Vida Dujmović is a Canadian computer scientist and mathematician known for her research in graph theory and graph algorithms, and particularly for graph drawing, for the structural theory of graph width parameters including treewidth and queue number, and for the use of these parameters in the parameterized complexity of graph drawing.
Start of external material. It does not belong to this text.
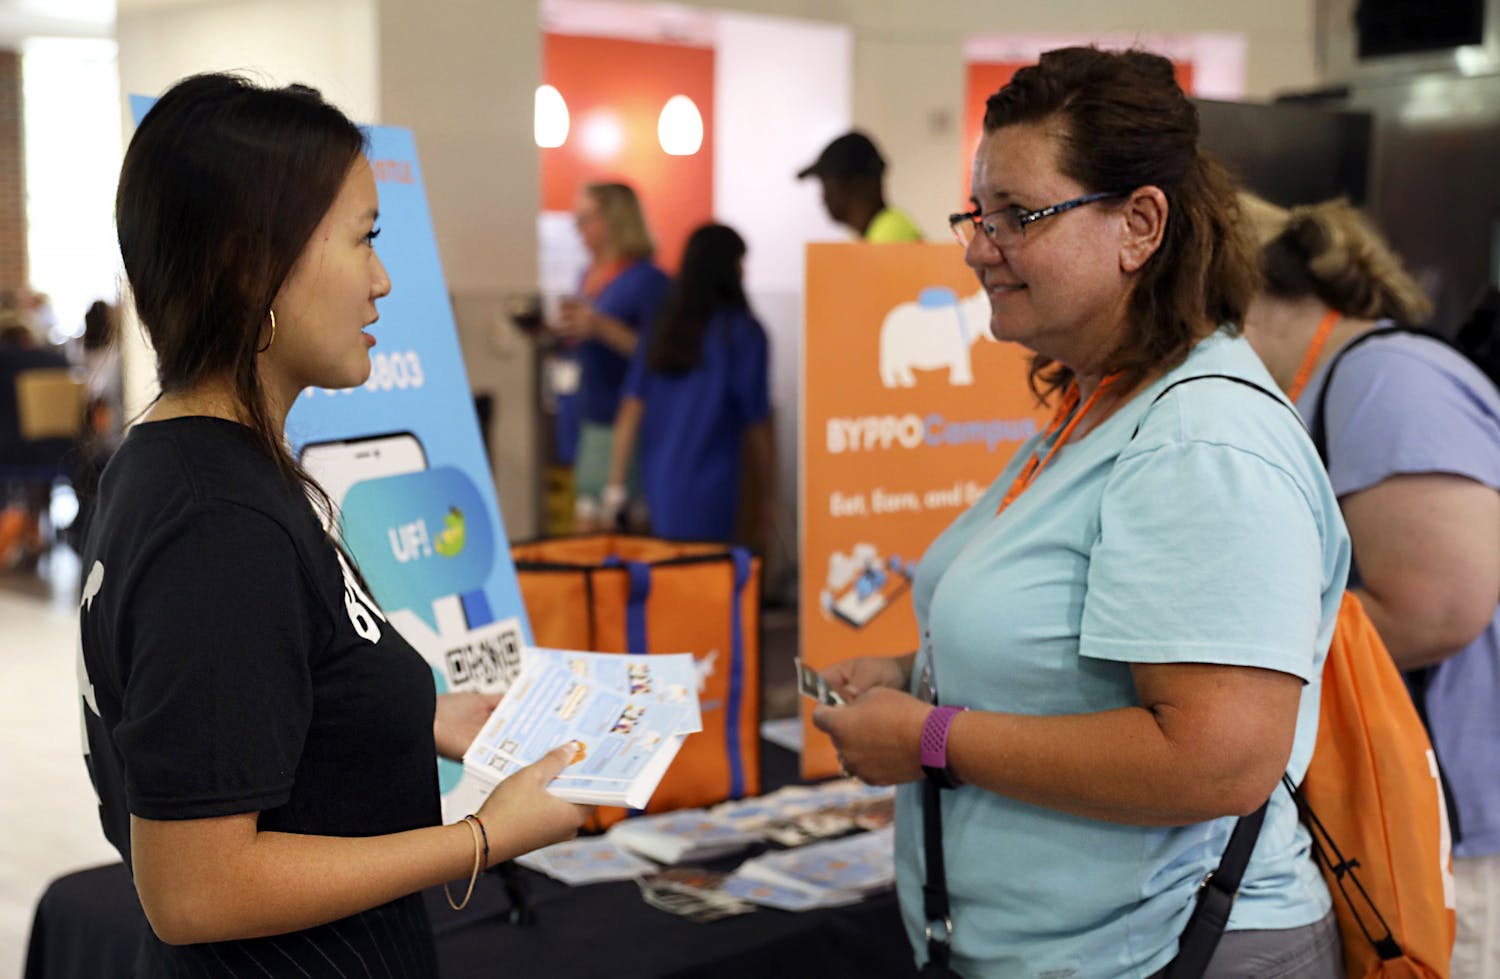 BYPPOCAMPUS founder and CEO Victoria Liu, (left) a UF accounting alumna, introduces her food delivery business to Stephanie Landini, (right) a parent of a UF student, at Gator Dining Center in Gainesville on Friday, July 9, 2021.

She is an associate professor of electrical engineering & computer science at the University of Ottawa.

Education
Dujmović studied telecommunications and computer science as an undergraduate at the University of Zagreb, graduating in 1996. She came to McGill University for graduate study in computer science, earning a master's degree in 2000 and completing her Ph.D. in 2004. Her dissertation, Track Layouts of Graphs, was supervised by Sue Whitesides, and won the 2005 NSERC Doctoral Prize of the Natural Sciences and Engineering Research Council.

Career
She was an NSERC Postdoctoral Fellow at Carleton University, a CRM-ISM Postdoctoral Fellow at McGill University, and a postdoctoral researcher again at Carleton University before finally becoming an assistant professor at Carleton University in 2012. She moved to the University of Ottawa in 2013, and became an associate professor there in 2018.

References

External links
Home page

Living people
Canadian computer scientists
Canadian mathematicians
Canadian women computer scientists
Canadian women mathematicians
Academic staff of Carleton University
Croatian emigrants to Canada
Graph theorists
McGill University alumni
Researchers in geometric algorithms
Academic staff of the University of Ottawa
University of Zagreb alumni
Year of birth missing (living people)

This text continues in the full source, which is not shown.